Agentic Prompt Engineering: Tool Use, Planning, Safety, and Production Patterns
Table of Contents
- From Chat to Action
- System Prompt as Agent Constitution
- Tool Design Is Prompt Engineering
- Planning and Reasoning Patterns
- State Management
- Safety Boundaries and Security
- Common Agentic Anti-Patterns
- Production Agent System Prompt Template
- Key Takeaway
A single system prompt with three added sentences improved GPT-4.1’s autonomous coding performance by 20% on SWE-bench Verified. Those three sentences addressed persistence (“keep going until resolved”), tool calling (“do NOT guess”), and planning (“reason step by step between tool calls”). The era of agentic AI has arrived, and the rules for prompting agents are fundamentally different from prompting chatbots.
From Chat to Action
AI agents are no longer a research curiosity.
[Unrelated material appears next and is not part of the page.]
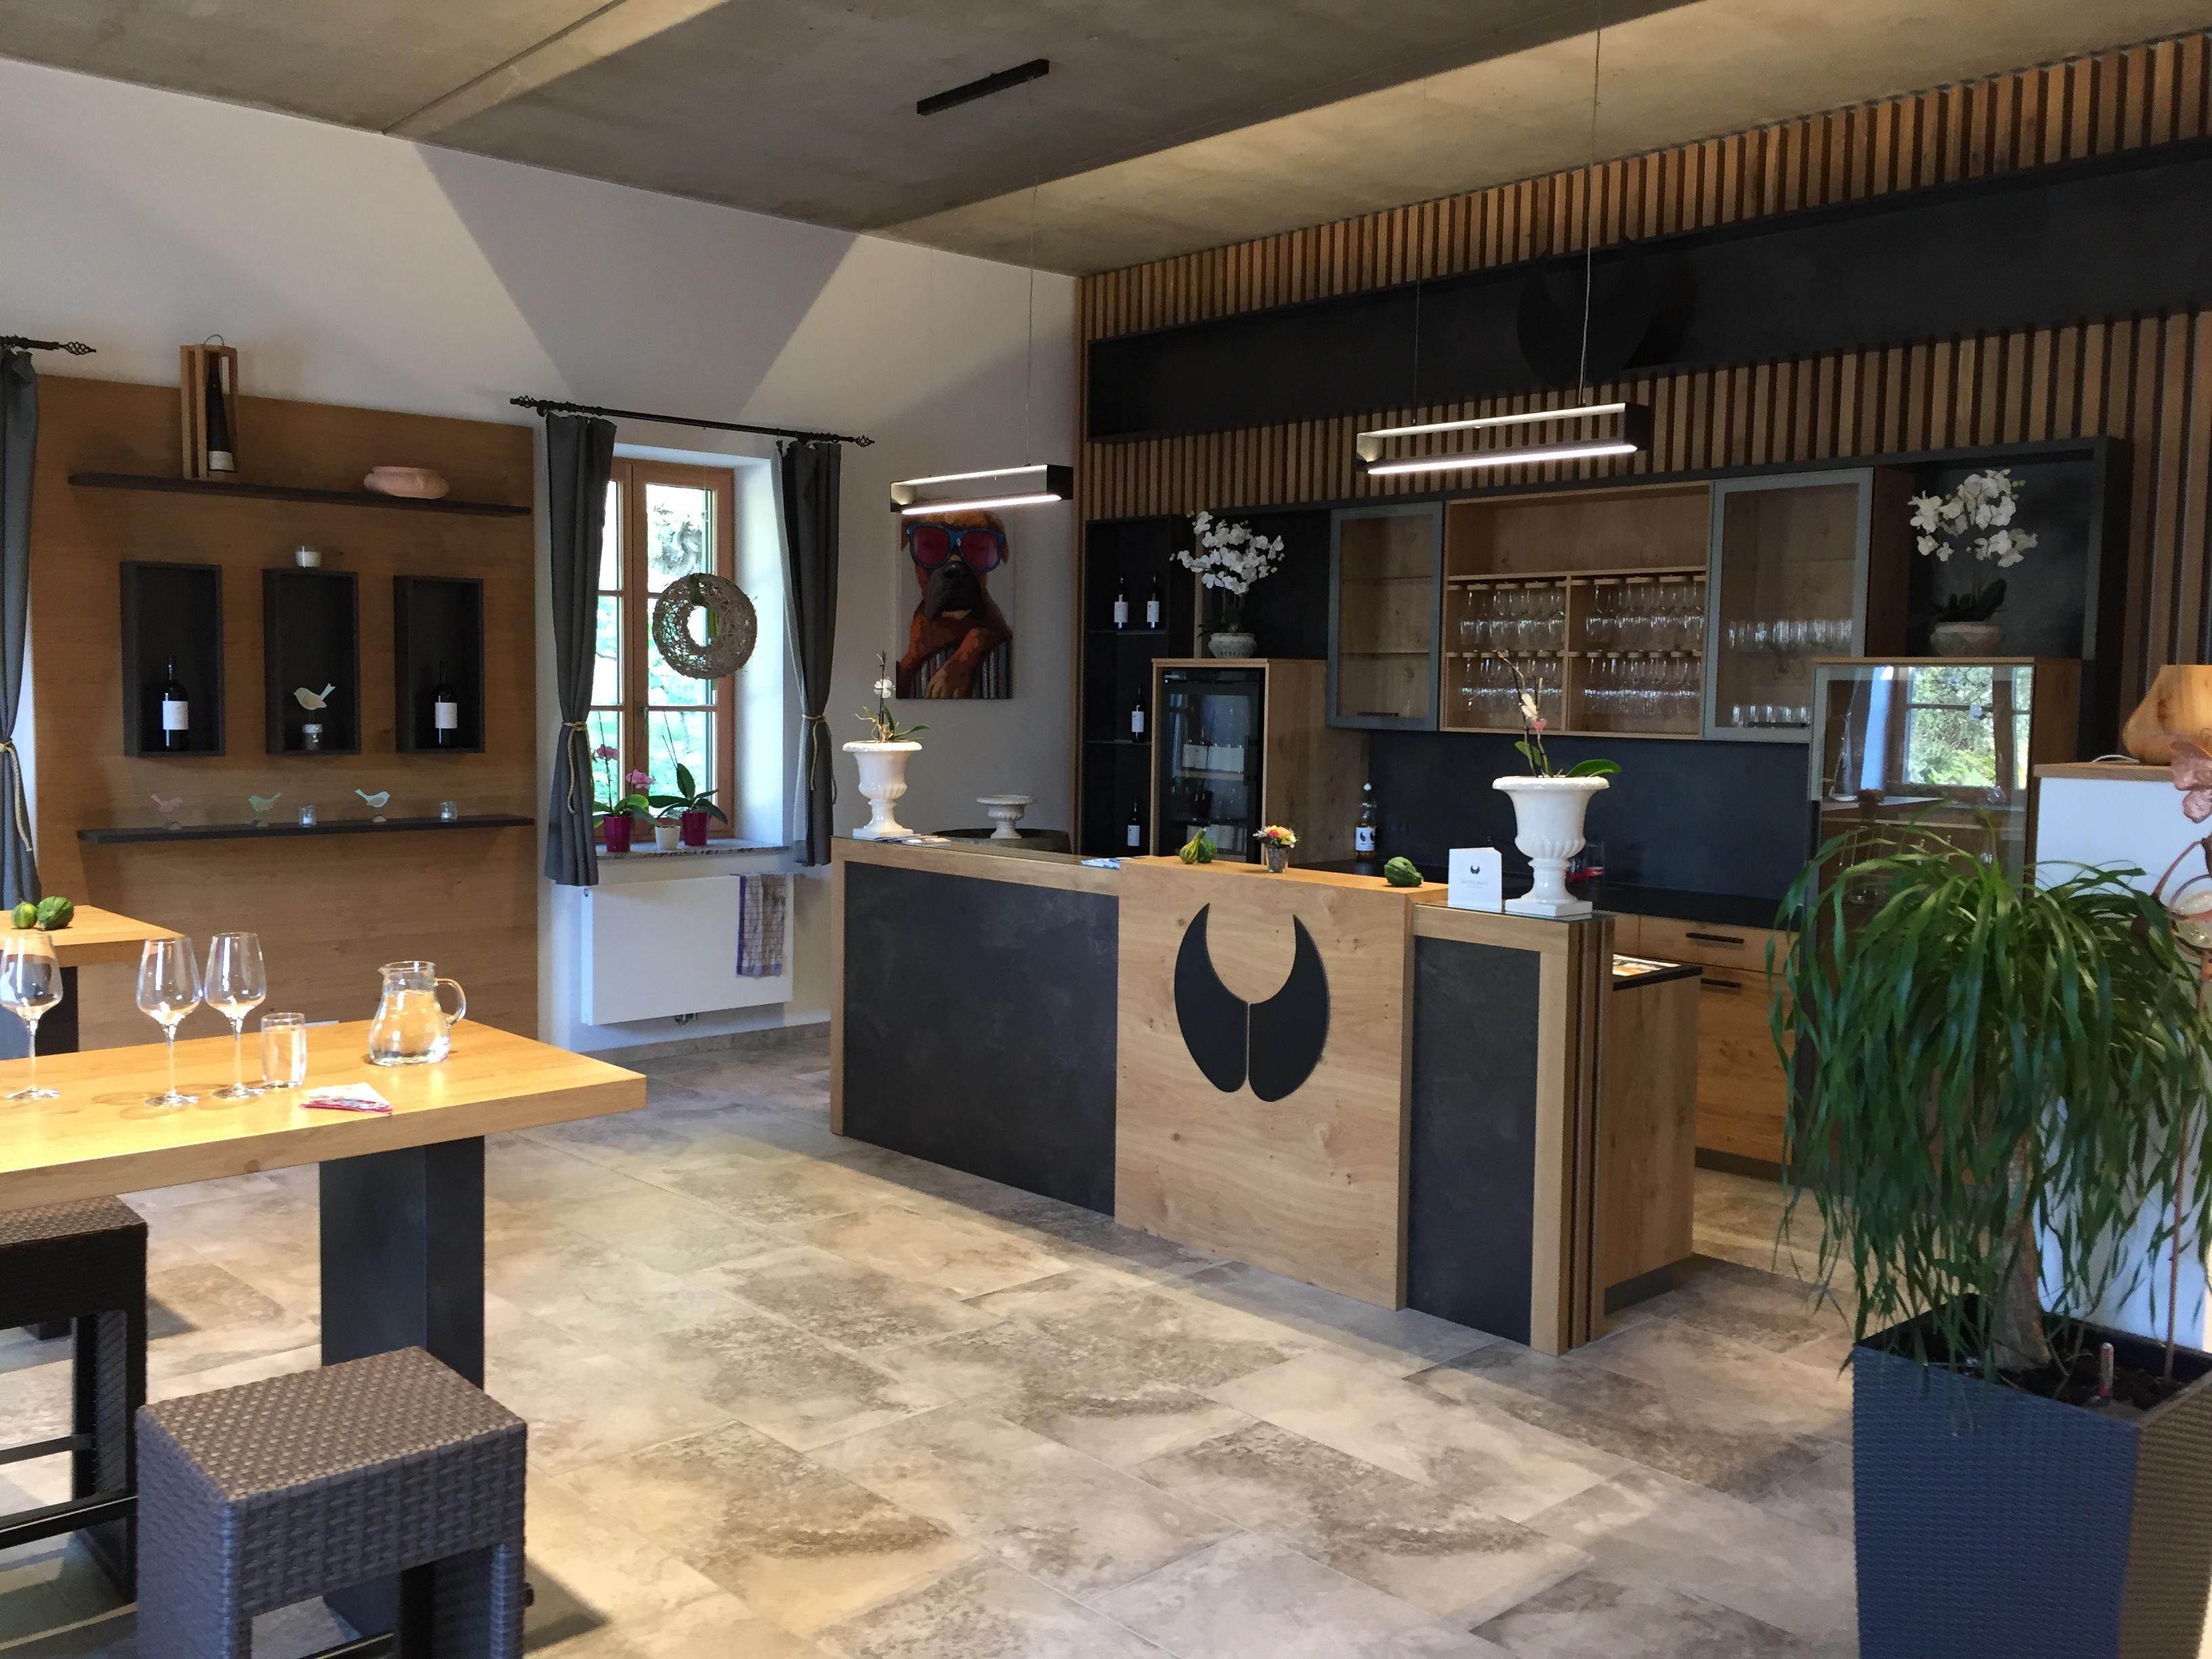 Weingut Mittelbach tasting room

In 2026, 57% of organizations deploy agents for multi-stage workflows, and 83% plan agentic AI deployment. An agent differs from a chatbot in a critical way: a chatbot responds; an agent acts.
Three shifts define this new landscape:
From text output to world-affecting actions. A hallucinated tool parameter can send an email to the wrong person, overwrite a file, or execute a destructive command.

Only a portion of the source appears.